* INSTRUCTIONS TO FOLLOW
Only the lines below from the one containing "A French Louis" through the one containing "Barley (Hordeum vulgare)" belong in the answer, set down exactly, with the pictures left out.

* EXERCISE DATA

....

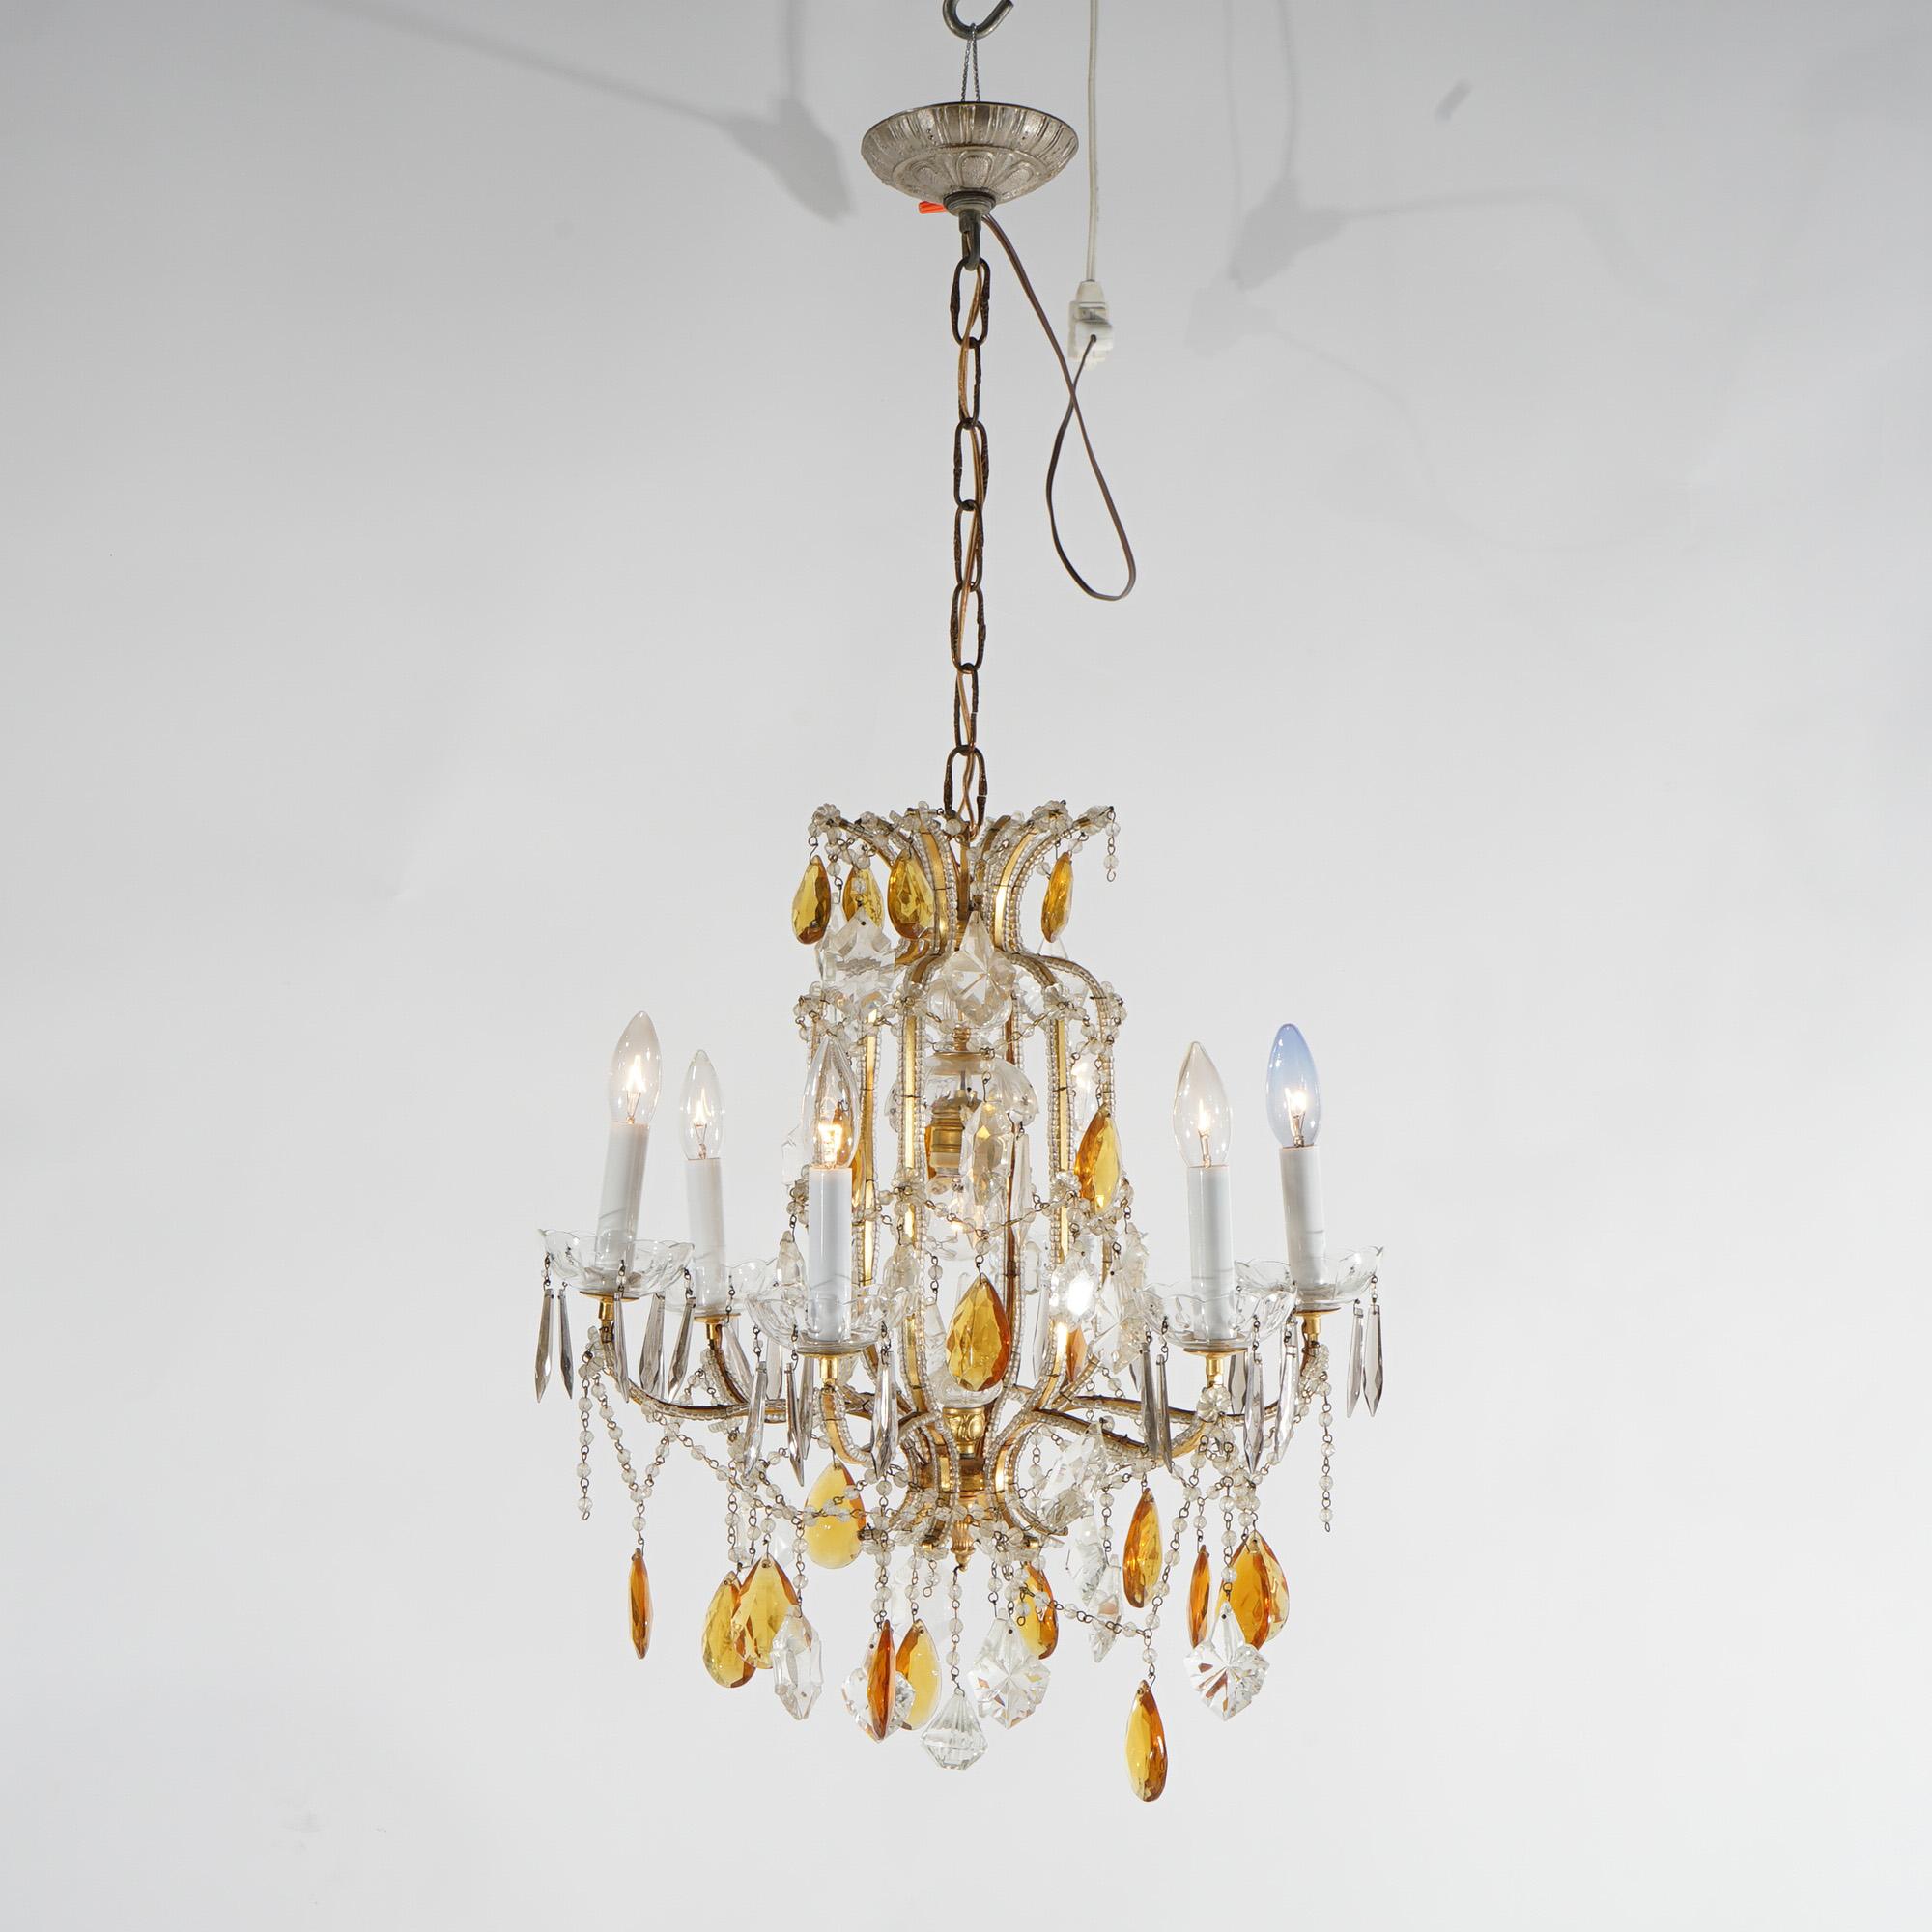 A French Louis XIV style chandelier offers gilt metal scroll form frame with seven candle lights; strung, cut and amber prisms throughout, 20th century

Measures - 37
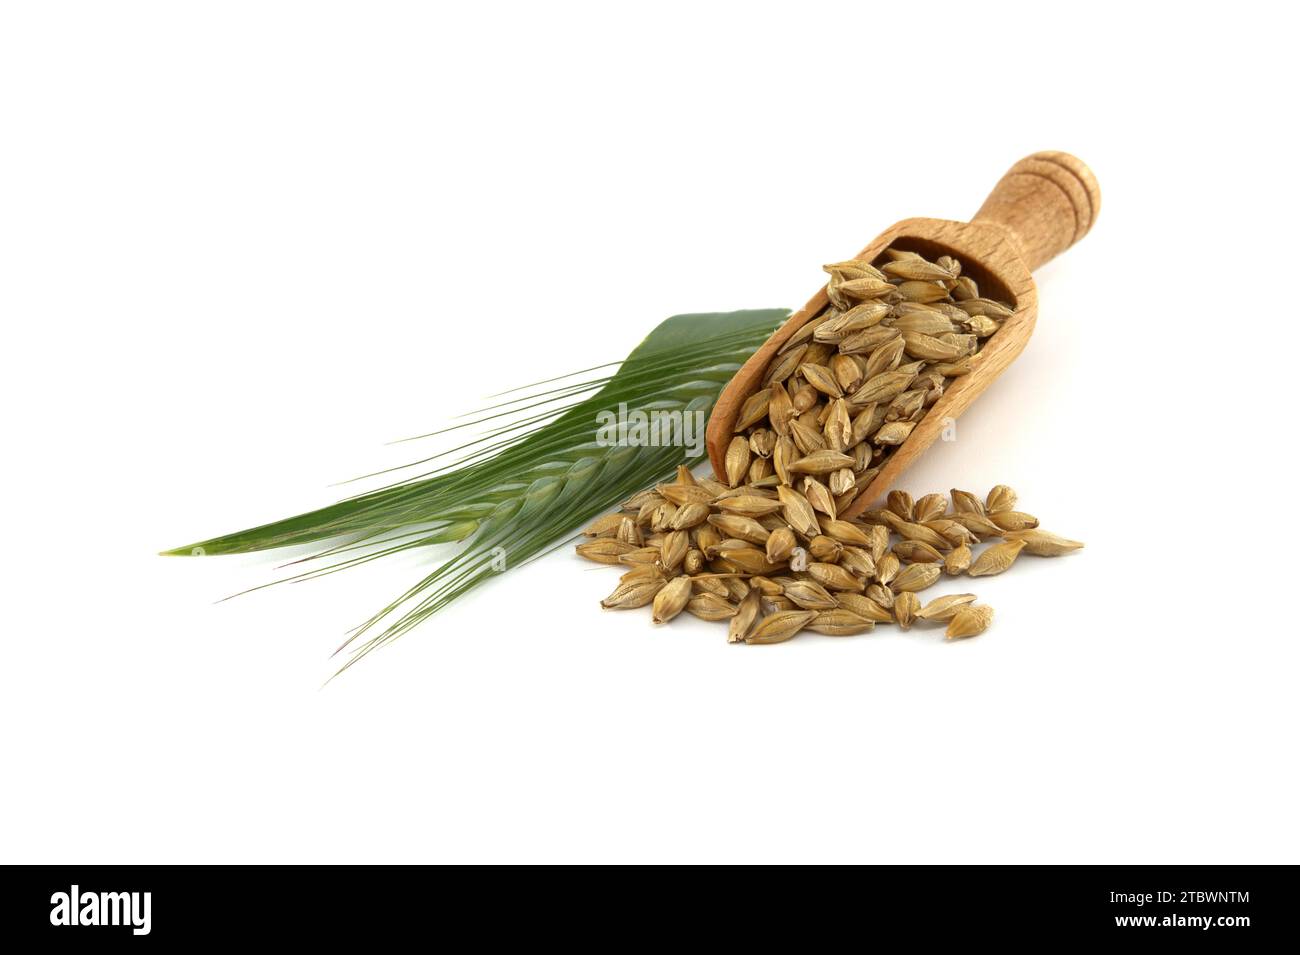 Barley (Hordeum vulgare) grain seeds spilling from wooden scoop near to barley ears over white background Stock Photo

....

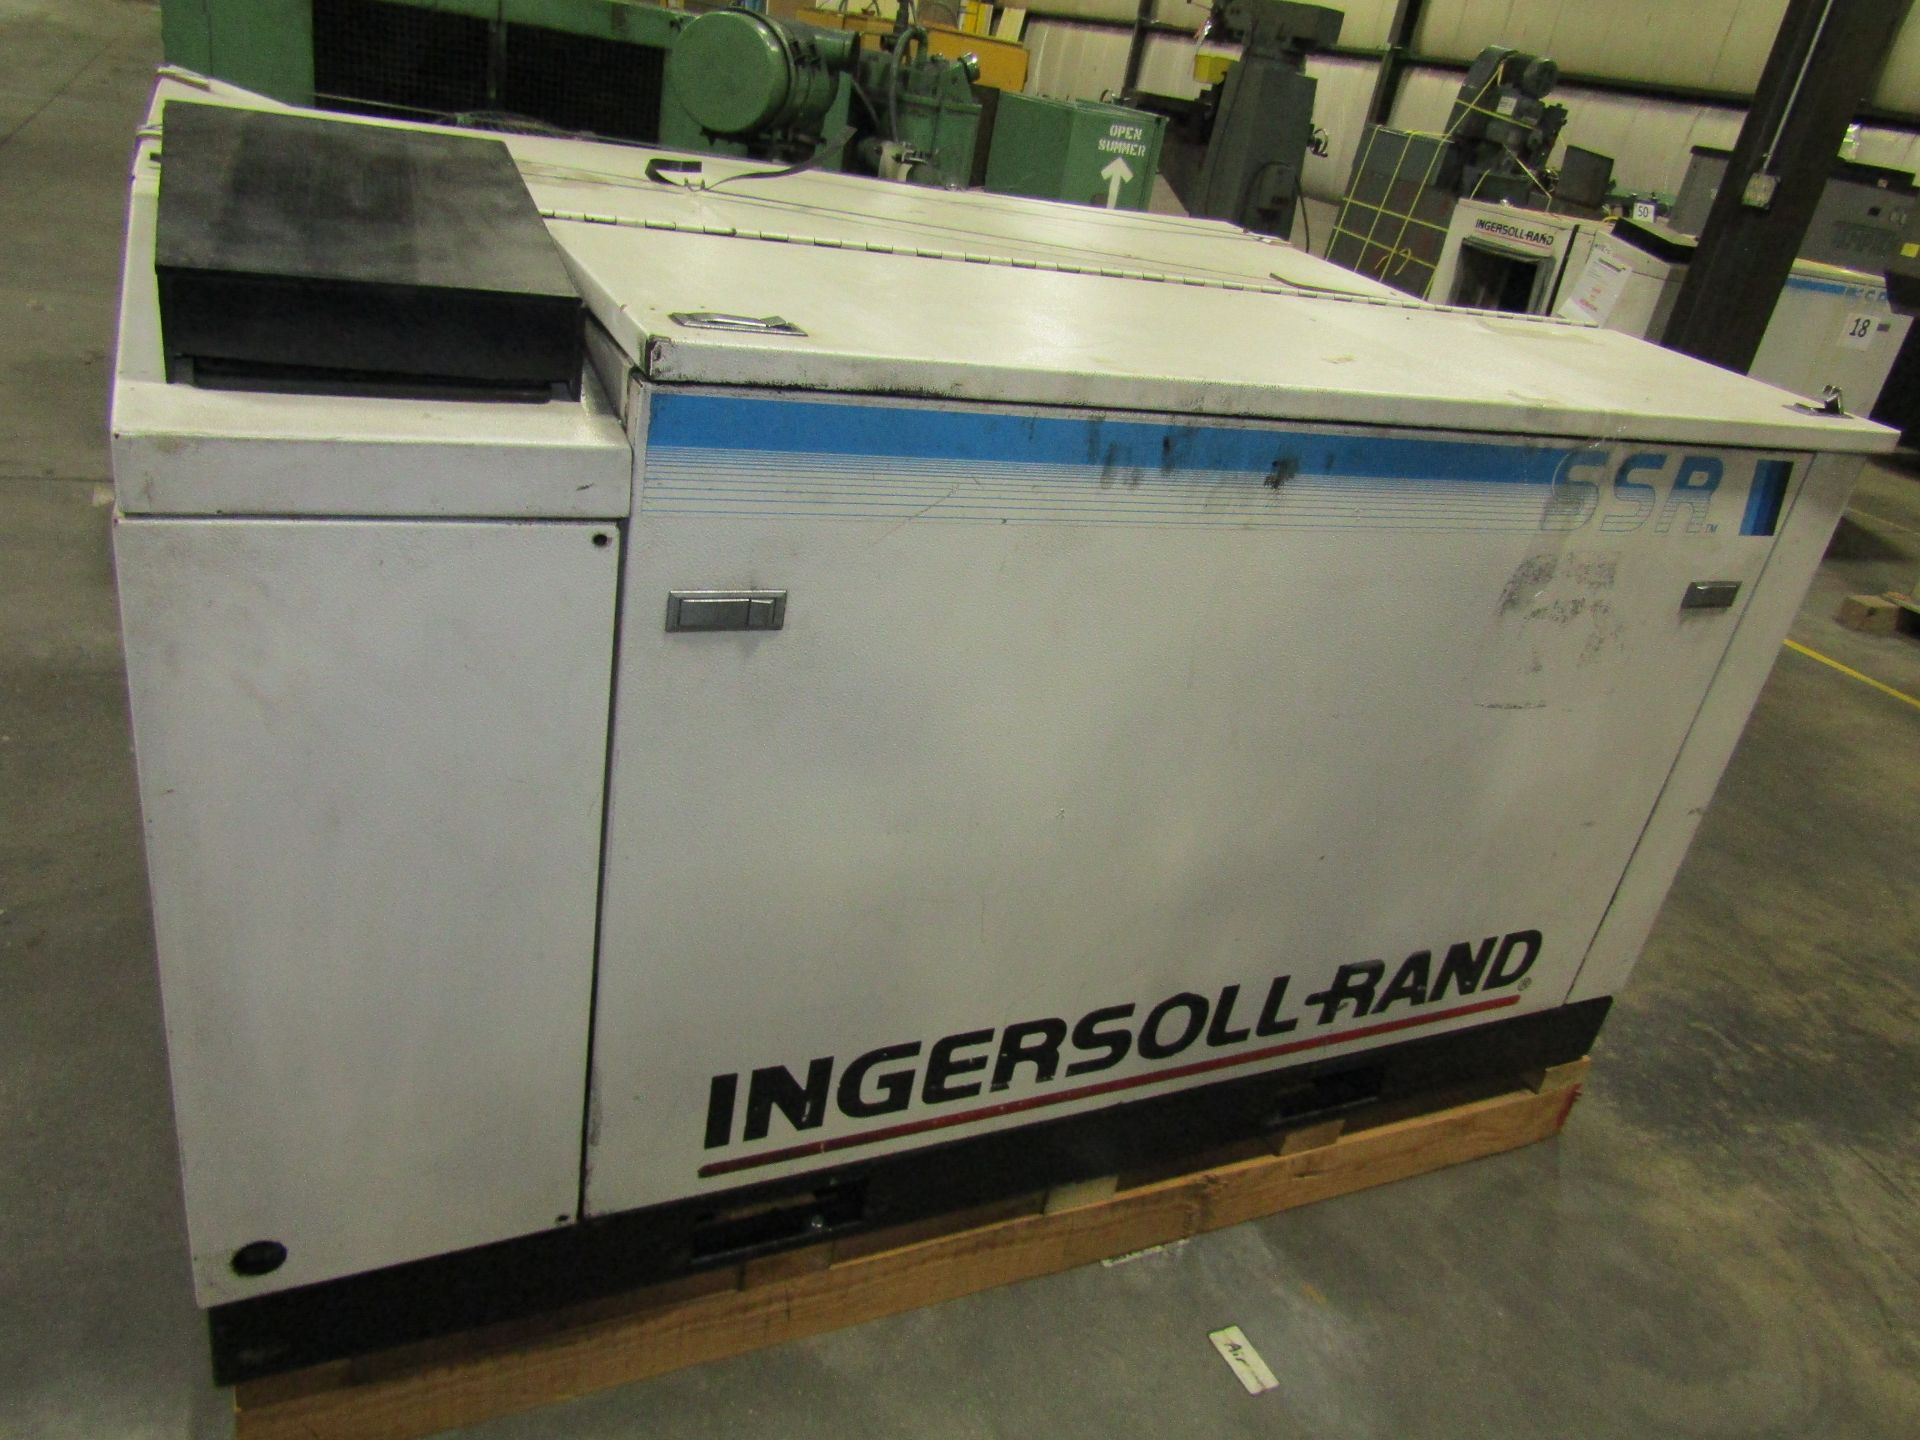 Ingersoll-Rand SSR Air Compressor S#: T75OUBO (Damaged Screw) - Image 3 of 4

....

* OUTPUT FOR THIS TASK
 A French Louis XIV style chandelier offers gilt metal scroll form frame with seven candle lights; strung, cut and amber prisms throughout, 20th century

Measures - 37
 Barley (Hordeum vulgare) grain seeds spilling from wooden scoop near to barley ears over white background Stock Photo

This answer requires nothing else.